Впрочем, использовать барабанный бой для оповещения было излишне: он ни для кого не стал неожиданностью. Команда корабля заполонила квартердек, переходные мостики и форкастль, выстраиваясь вдоль указанных швов между досками палубы, мичманы сновали, наводя порядок и выравнивая линию, поправляя шейные платки, тесемки, ленты на шляпах. Построение воспринималось всеми чинами как формальная церемония, такая же как танец — медленный, торжественный танец, которым капитану предстоит открыть бал.

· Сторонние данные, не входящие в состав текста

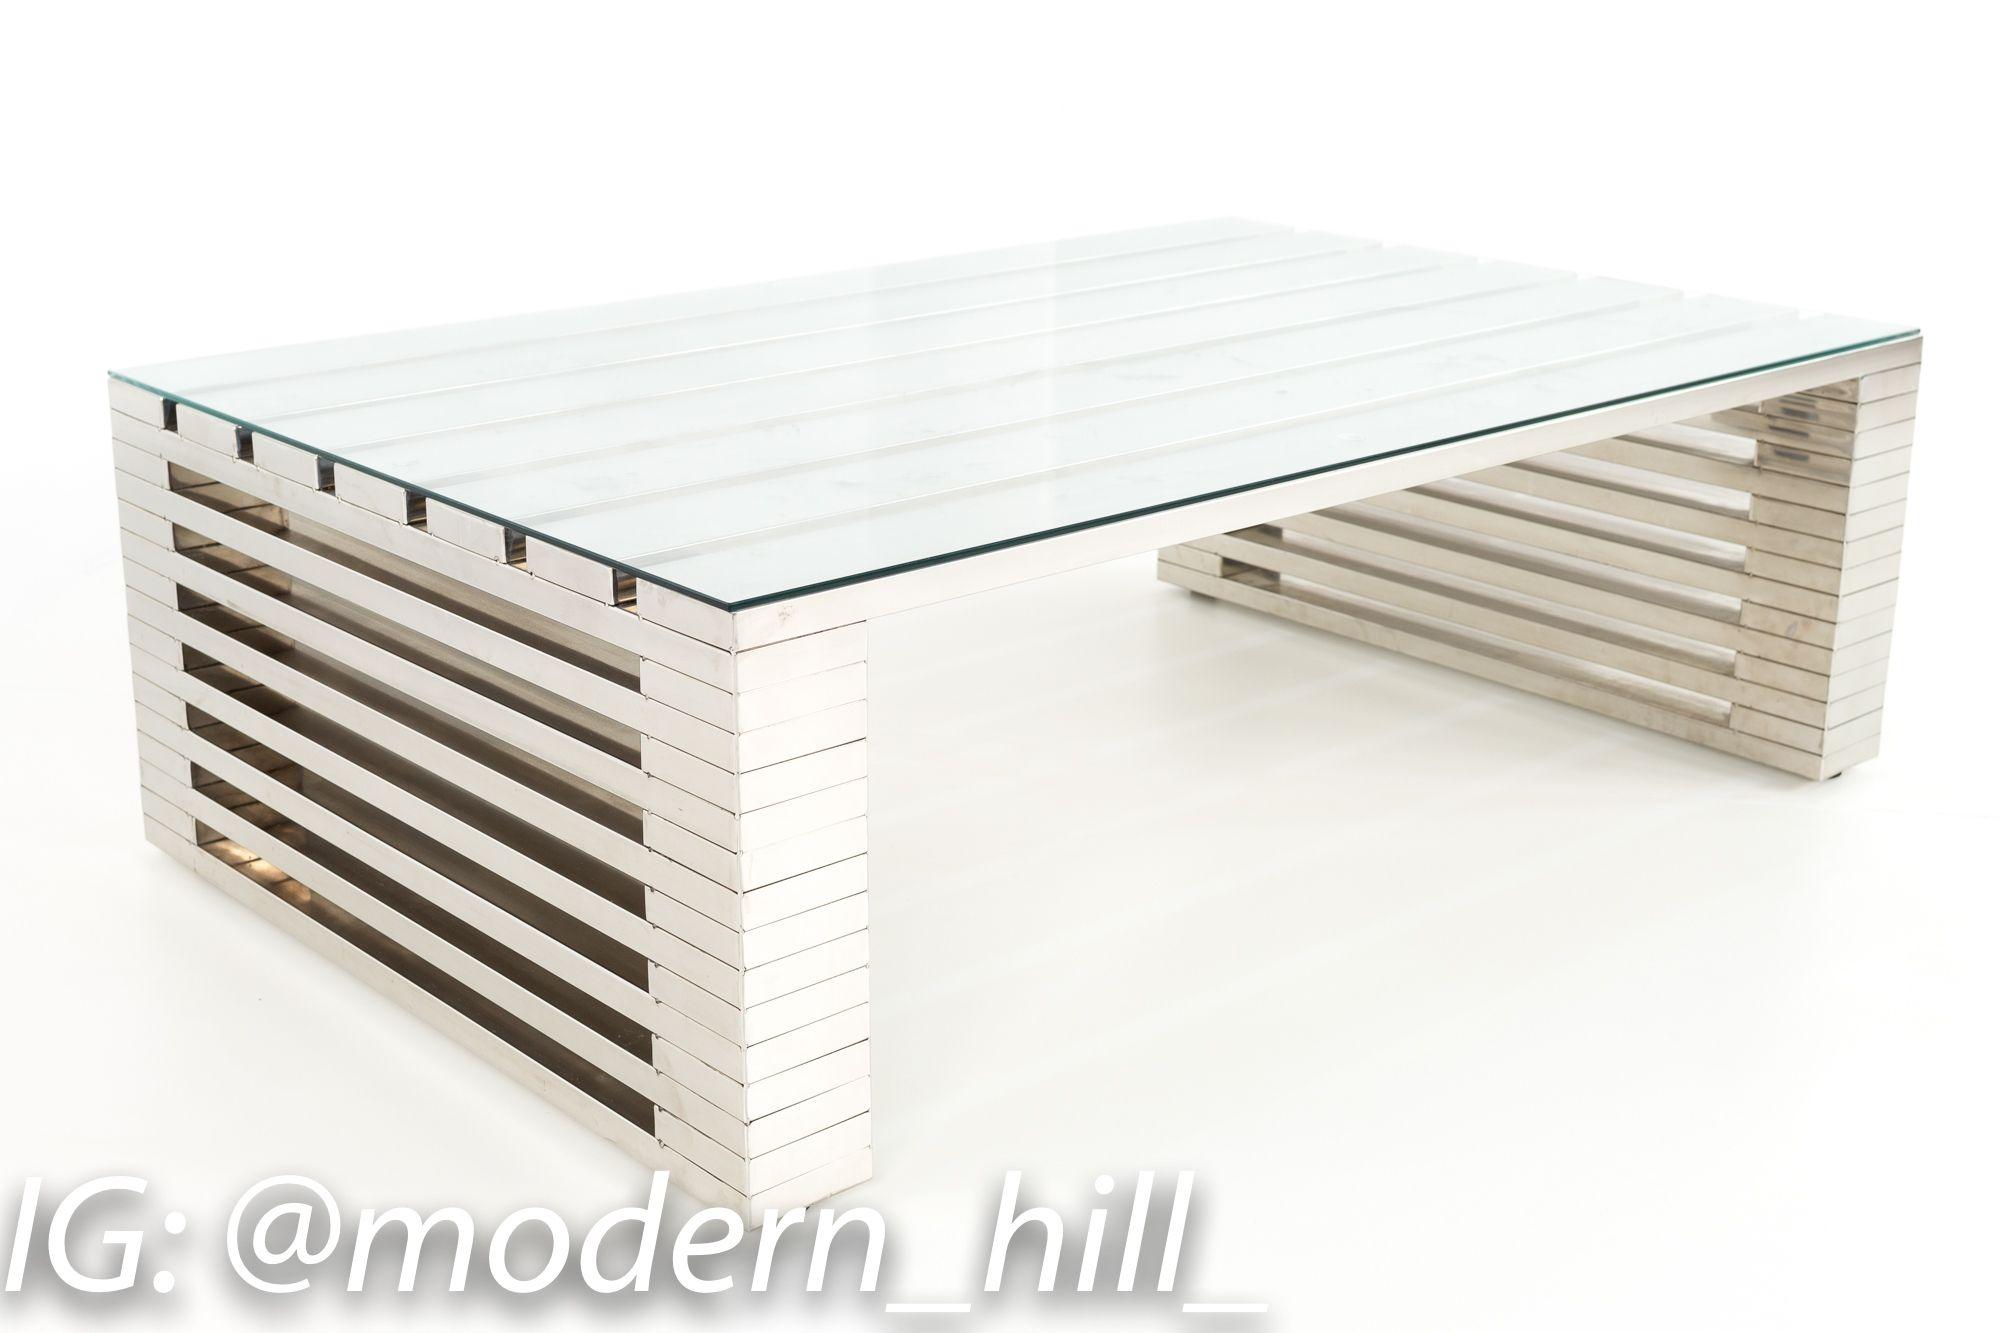 Timothy Oulton Zazenne Mid Century Modern Steel And Glass Coffee Table Glass Coffee Table Coffee Table Mid Century Modern [ 1333 x 2000 Pixel ]

Что он и сделал, как только офицеры отдали рапорта Герви, а тот — ему. Сначала Джек двинулся к морским пехотинцам. Располагаясь в задней части квартердека, они не могли воспользоваться благами навеса, но стояли, гордые прекрасной выправкой и своим алым великолепием; лица и мушкеты блестели на солнце. Приняв рапорт командира, капитан медленно пошел вдоль строя. Его не слишком волновало, как подогнаны кожаные ремни, достаточно ли на волосах пудры, ярко ли блестят многочисленные пуговицы — в любом случае, их лейтенант Этередж был компетентным офицером, такого не затрешь. Но Джеку во всем этом отводилась роль служить оком Божьим, и свою инспекцию он проводил с беспристрастной серьезностью. Как человек, он сочувствовал поджаривающимся морским пехотинцам, как капитан вынужден был обрекать их на молчаливую пытку — смола уже капала на навес, а солнце еще продолжало набирать силу.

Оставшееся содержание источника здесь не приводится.